Grace is an important concept, especially in religion and most especially in Lutheran Christianity. You can study that particular strain of thinking on your own, it would engulf all of my blog.
Simply stated, grace is the free and unmerited favor of God. In other words, we don’t deserve it; not to say we’re bad and we therefore deserve something less, but rather, for me, I mean that we are given the beauty of a sunrise, the smell of a baby’s head, puppy breath and laughter not because we can demonstrate that we have invested any of our own efforts, but because at the core of it, God is GOOD. And generous.
I have thought about this idea a lot lately, as I have been working with my peers to help raise enough money to erase the legal assistance debts of a prisoner we’ve ministered to in Georgia.
Does he deserve this?

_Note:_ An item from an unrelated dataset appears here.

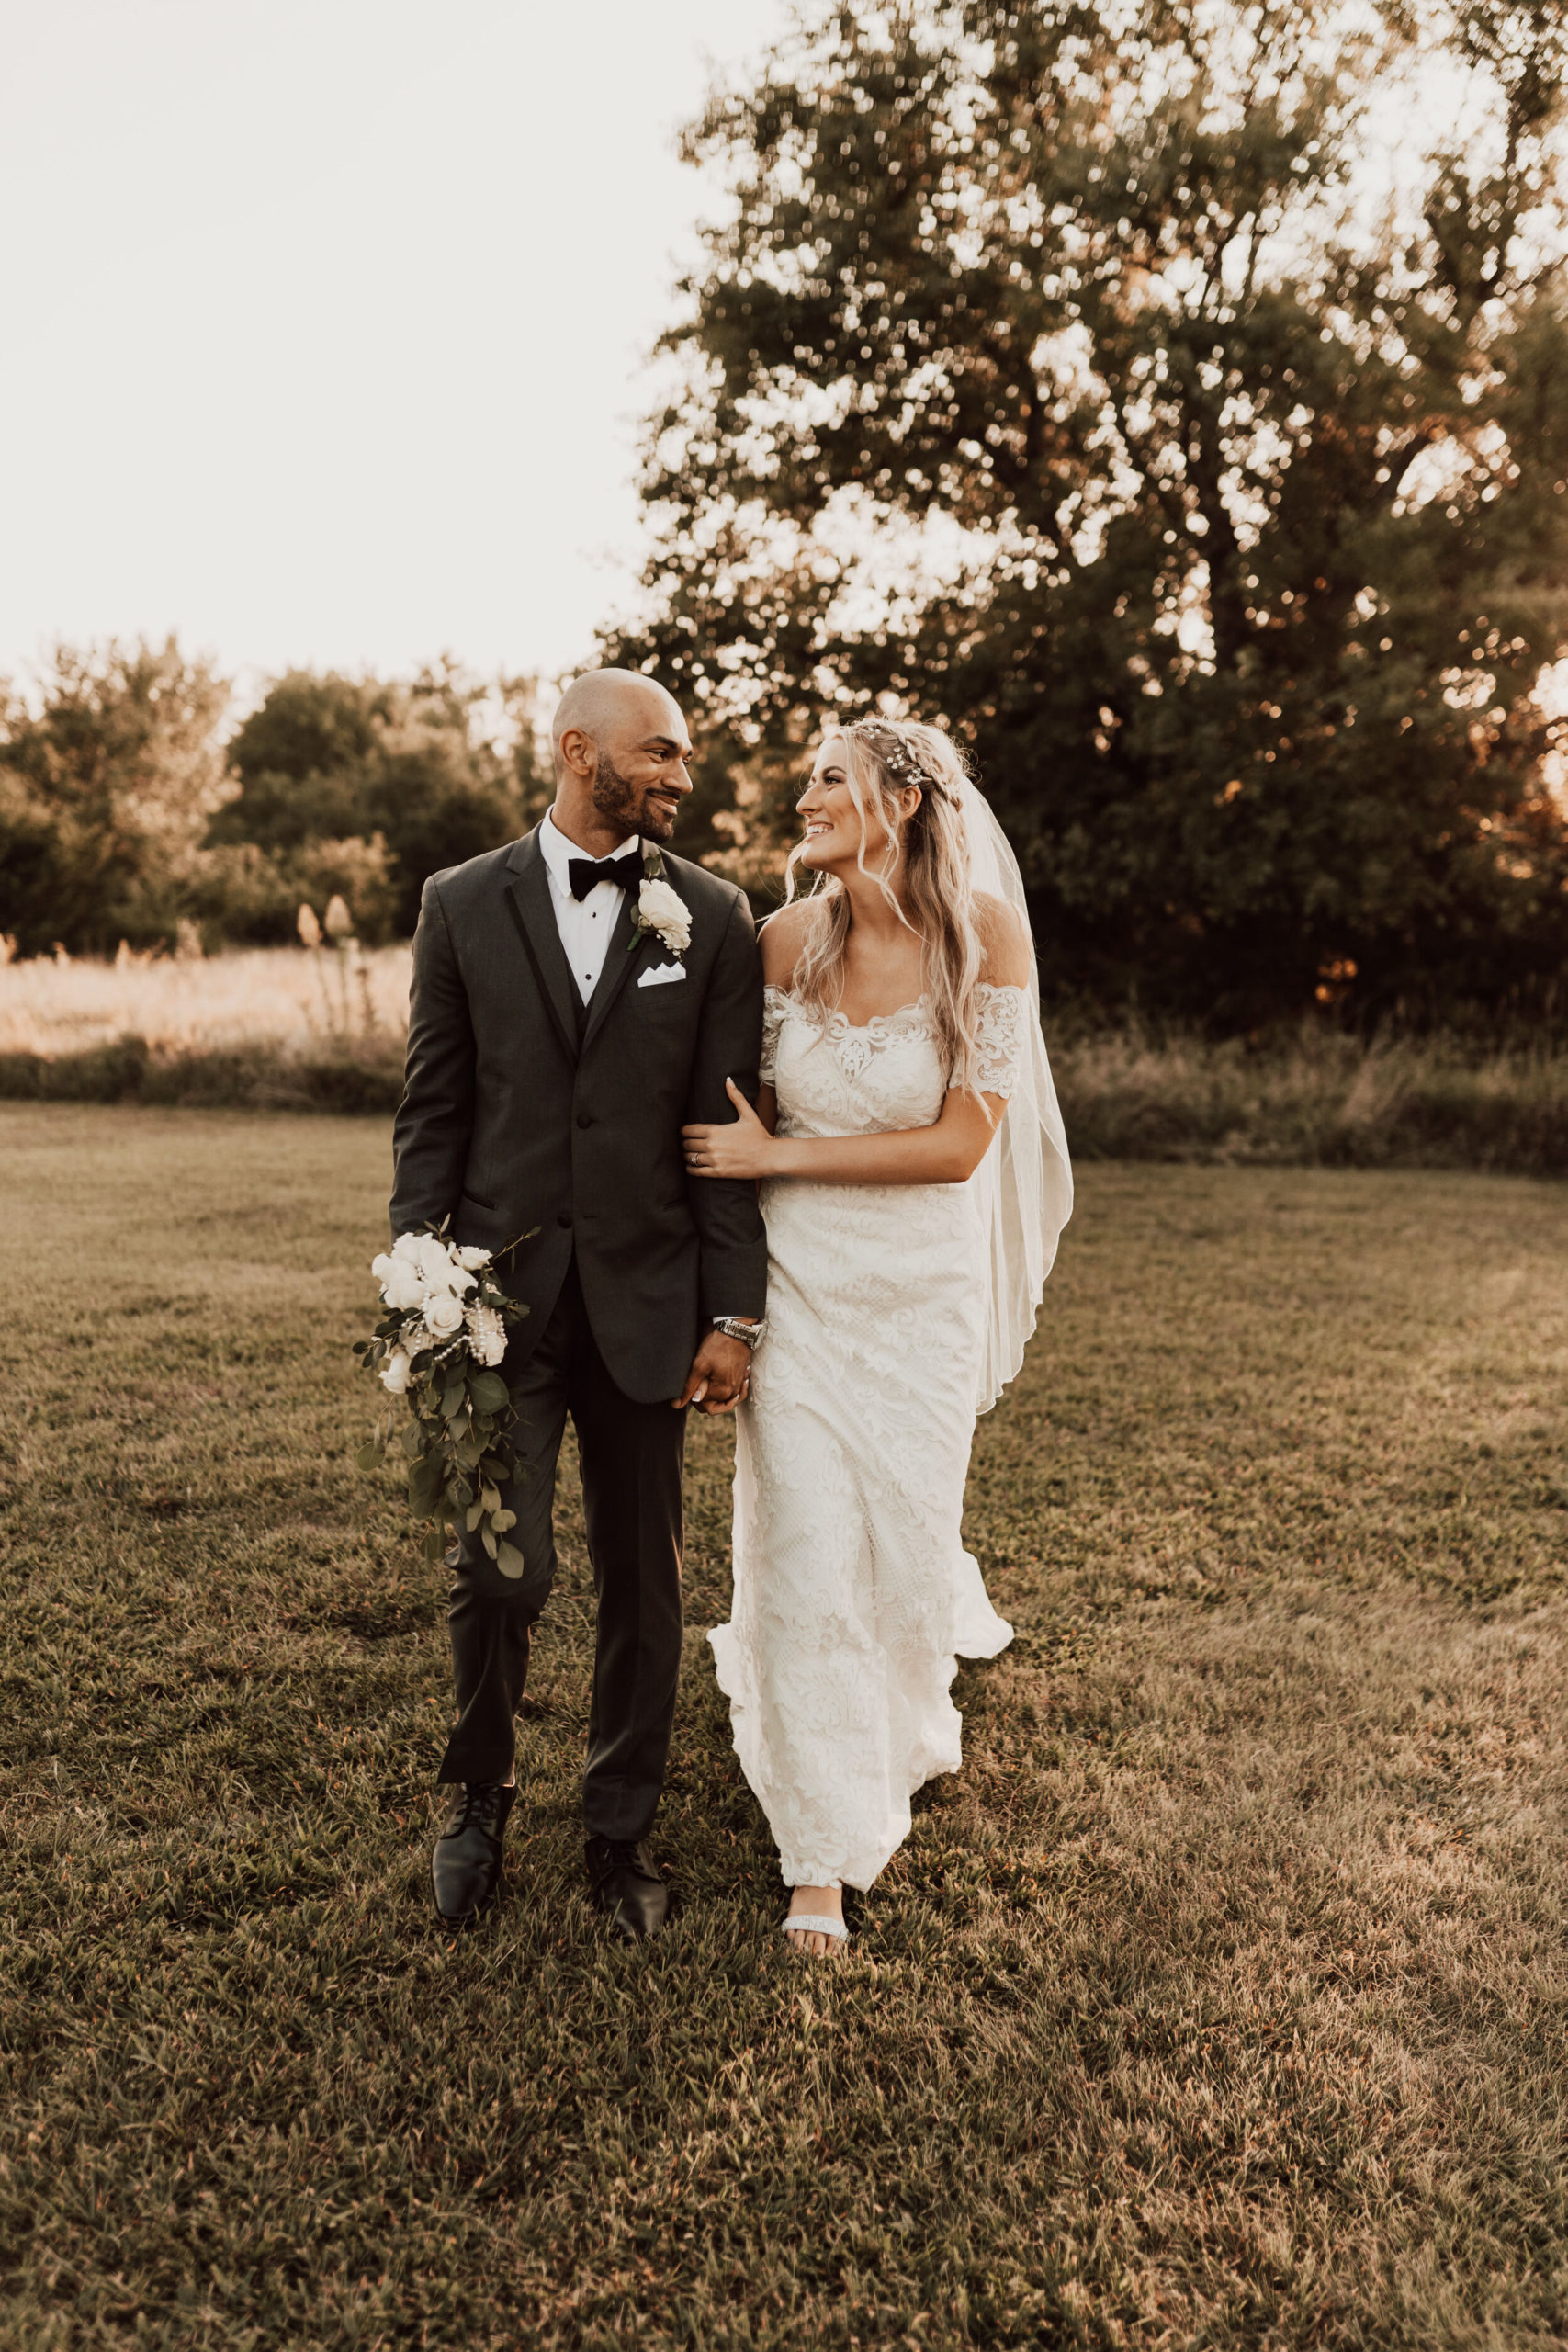 Hayley + Lorenzo - Summer White Chapel Wedding at Stone Hill Barn in Augusta, Kansas201.jpg
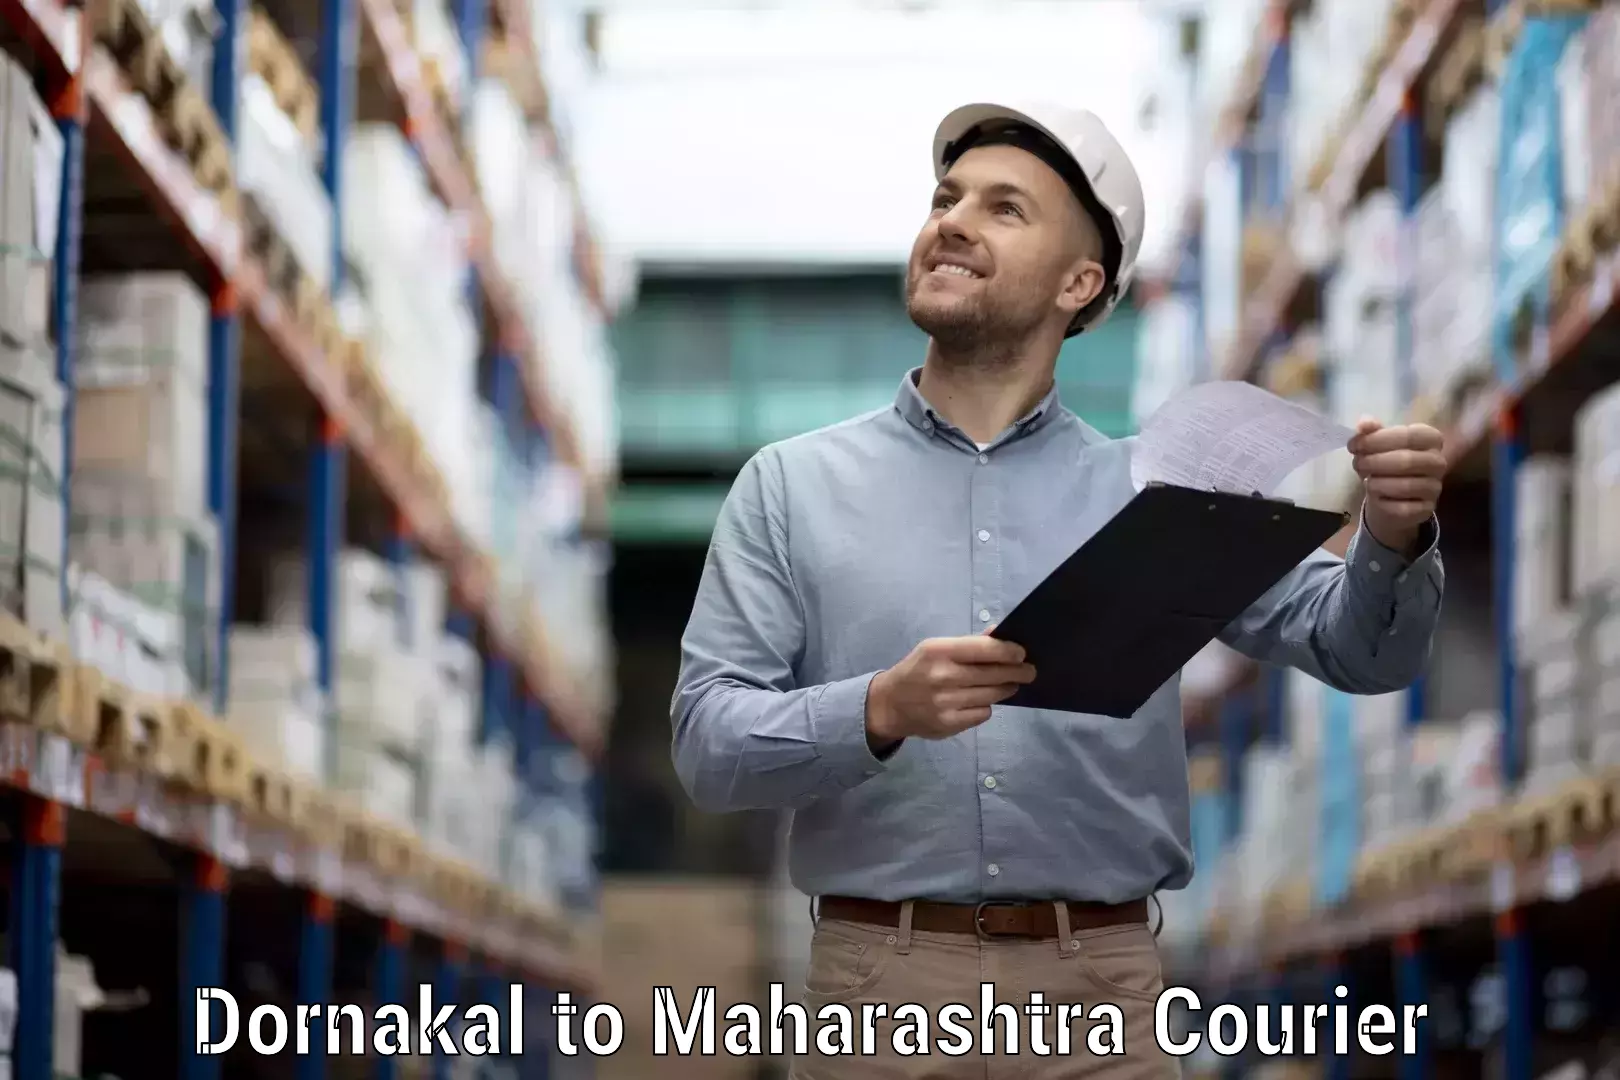 Professional courier handling Dornakal to IIIT Nagpur

No. He has been, at times, rude and insulting. He has lied to us. He has abused the privilege of having an outsider communicate with an inmate. He has literally done nothing which could merit this action on our part.
By erasing his debt, we can send him money directly. In prison, inmates are often underfed or fed poor quality meals. To supplement their food, outsiders can send money to their commissary accounts. But if the account has a negative balance, the money goes to that first. Because prison is a place where there is no grace.; no real justice. Just rules, often arbitrary, sometimes criminal in themselves, immoral and inhuman. Maddening (literally) holes of despair often run by people who are themselves caught in a life of desperation and gracelessness. Ultimately overseen by people who profit off human misery because, if we are stark and honest, they can’t find anything useful to offer so they manipulate, take advantage, and gather money by unethical means.
So why do we pay off his debt? Because we can. Because it is the right thing to do, regardless of his actions. Because grace is a value we hold, a divine quality we attempt to emulate in honor of God, who has been abundantly gracious to us.